Suarapublika.com- Komisi II DPRD Kabupaten Balangan melakukan kunjungan konsultasi dan koordinasi ke Dinas Pertanian Kabupaten Kapuas guna mengkaji program unggulan sektor pertanian yang dinilai berhasil meningkatkan kualitas dan pengembangan pertanian daerah.
Kunjungan tersebut diikuti sejumlah anggota dewan, di antaranya Nur Fariani, bersama Hanil, Ibus, Arbani, Hayatuddin, Syaibani, dan Baihaki.
Dalam pertemuan itu, Dinas Pertanian Kapuas memaparkan sedikitnya 10 program unggulan yang telah dijalankan.

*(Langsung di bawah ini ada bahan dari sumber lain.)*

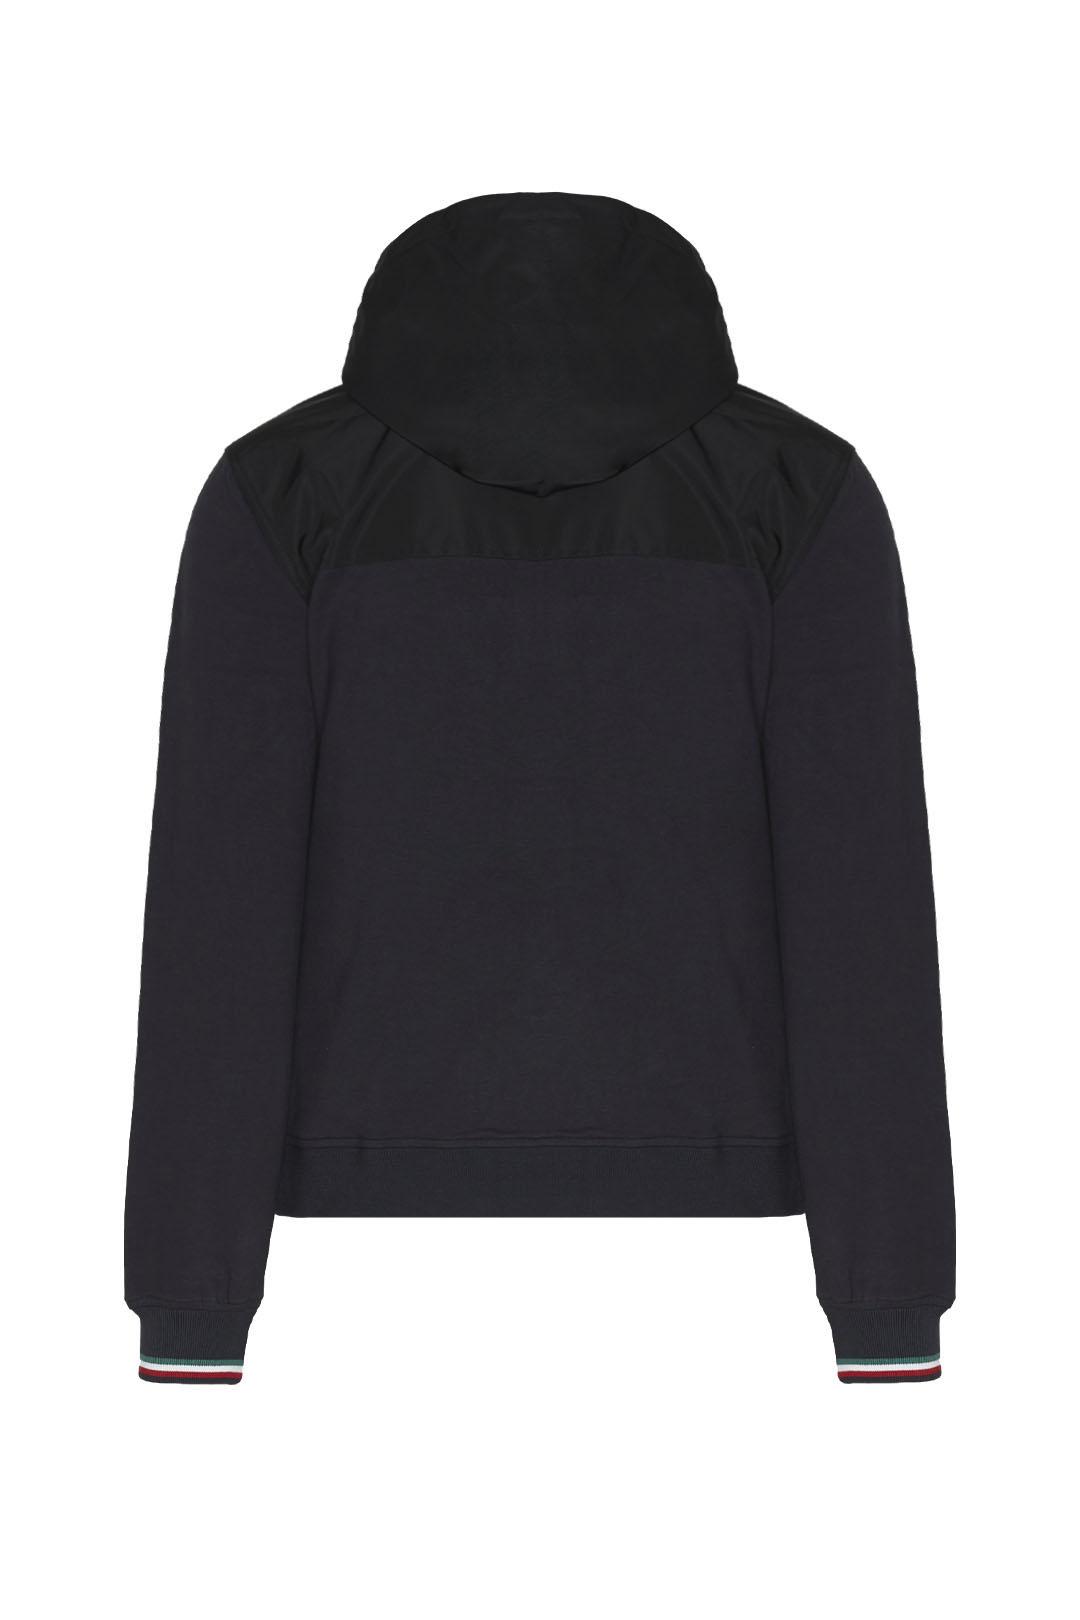 Jacke mit Kapuze aus Fleece und Nylon    2

Beberapa di antaranya dinilai berpotensi untuk diadopsi dan dikembangkan di Kabupaten Balangan.
Nur Fariani menyebut, program peningkatan Jalan Usaha Tani (JUT), cetak sawah untuk perluasan lahan produktif, serta pemanfaatan Rumah Potong Unggas (RPU) untuk meningkatkan Pendapatan Asli Daerah (PAD) menjadi perhatian utama.
“Selain itu, budidaya alternatif tanaman cabai juga menarik karena efektif membantu pengendalian inflasi, baik melalui kelompok tani maupun skala rumah tangga,” ujarnya, Jumat (27/3/2026).

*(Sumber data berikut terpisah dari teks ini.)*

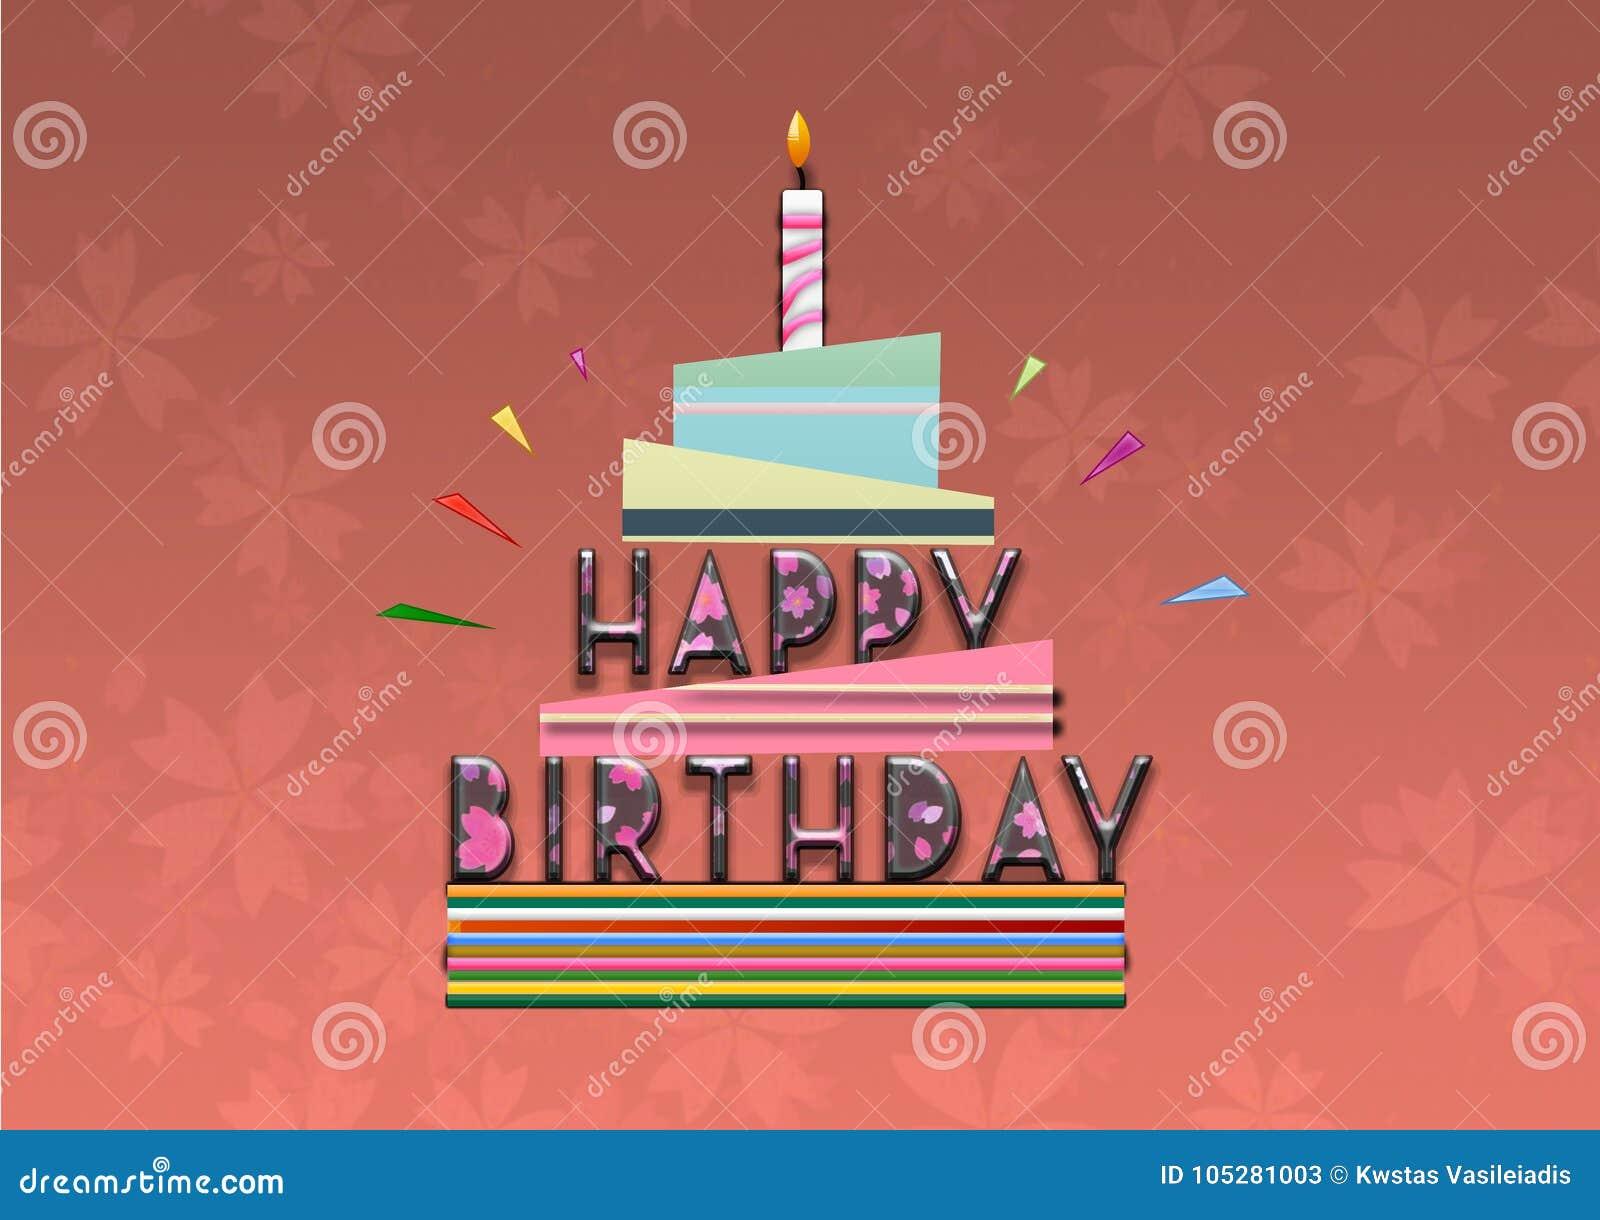 Happy Birthday Cake Illustration Card

Namun demikian, tidak semua program dinilai relevan untuk diterapkan di Balangan. Beberapa di antaranya berkaitan dengan tanaman endemik khas Kapuas, seperti beras Anjir dan nanas Kapuas.
Melalui kunjungan ini, Komisi II DPRD Balangan berharap dapat mengambil referensi dan inspirasi dalam merumuskan kebijakan pertanian yang lebih inovatif dan sesuai dengan potensi daerah.
Sinergi dan pertukaran informasi antar daerah ini diharapkan mampu memberikan dampak nyata bagi peningkatan kesejahteraan petani serta memperkuat ketahanan pangan di Kabupaten Balangan.